A mixture of steam and propane in a ratio of 2.5 moles of steam per mole of carbon was introduced into a fuel cell of the type shown in the drawing. The conversion zone of the cell contained a nickel-coated alumina conversion catalyst containing 33 1/3 percent nickel and 5.75 percent sodium hydroxide, expressed as sodium metal. Reshaping in the zone took place at a temperature of approximately 450 ° C and a pressure of approximately one atmosphere. Under these conditions, continuous cell operation was achieved without any noticeable change in the pressure drop across the catalyst bed 24 after a continuous period of operation in excess of 1000 hours.

Several experiments were carried out with untreated, nickel-coated aluminum oxide catalysts, a propane or octane steam mixture being introduced into the reforming zone (steam to carbon ratio in the range from 2 to 5). Conversion was carried out at 450 ° and approximately one atmosphere pressure. Even with that At higher steam to carbon ratios (i.e., on the order of 5), the increase in pressure drop across the catalyst in the zone took place rapidly and reached such a level that the run had to be stopped after 10 hours after it was started. With lower steam to carbon ratios (2 to 3), the pressure drop over the zone increased even more rapidly, so that the run had to be aborted within 6 or fewer hours.

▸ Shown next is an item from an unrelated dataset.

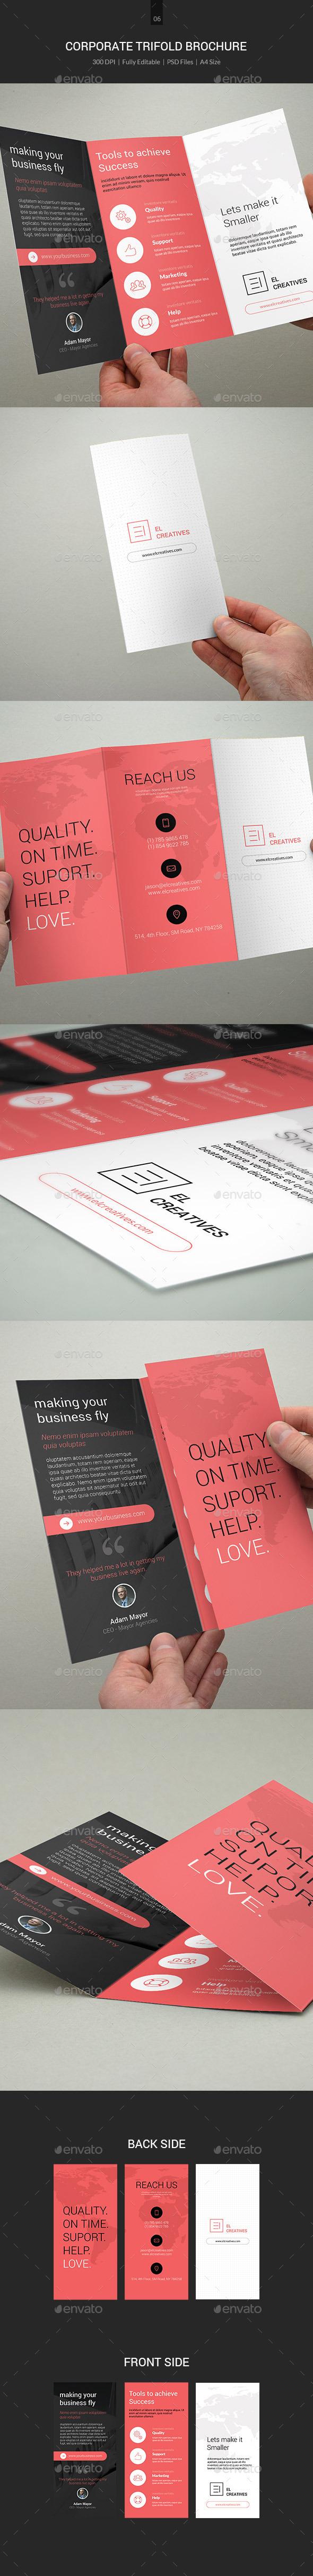 GraphicRiver Minimal Corporate TriFold Brochure 06 11321851

The present innovation thus specifies devices with which a continuous and reliable operation of a fuel cell, in which hydrogen is generated on site, can be achieved over longer periods of time by increasing the pressure drop over time over the conversion zone of the cell in which a nickel conversion catalyst is included. As a result of the present innovation, the possible uses for fuel cells which contain effective and inexpensive nickel catalysts are considerably expanded.

Claims (1)

Fuel cell with an electrolyte chamber with anode and cathode, which is separated by a hydrogen-permeable membrane in the anode from a conversion zone in which a nickel conversion catalyst is arranged, characterized in that the particles (24) of the catalyst in the conversion zone (22) have a Core made of refractory material and a nickel layer enveloping the core, wherein the refractory material of the particle core consists of about 0.5% to about 20% of an alkali or alkaline earth metal oxide, hydroxide or carbonate, based on the weight of the metal, or that the catalyst particles comprise an alkaline earth oxide coated with nickel.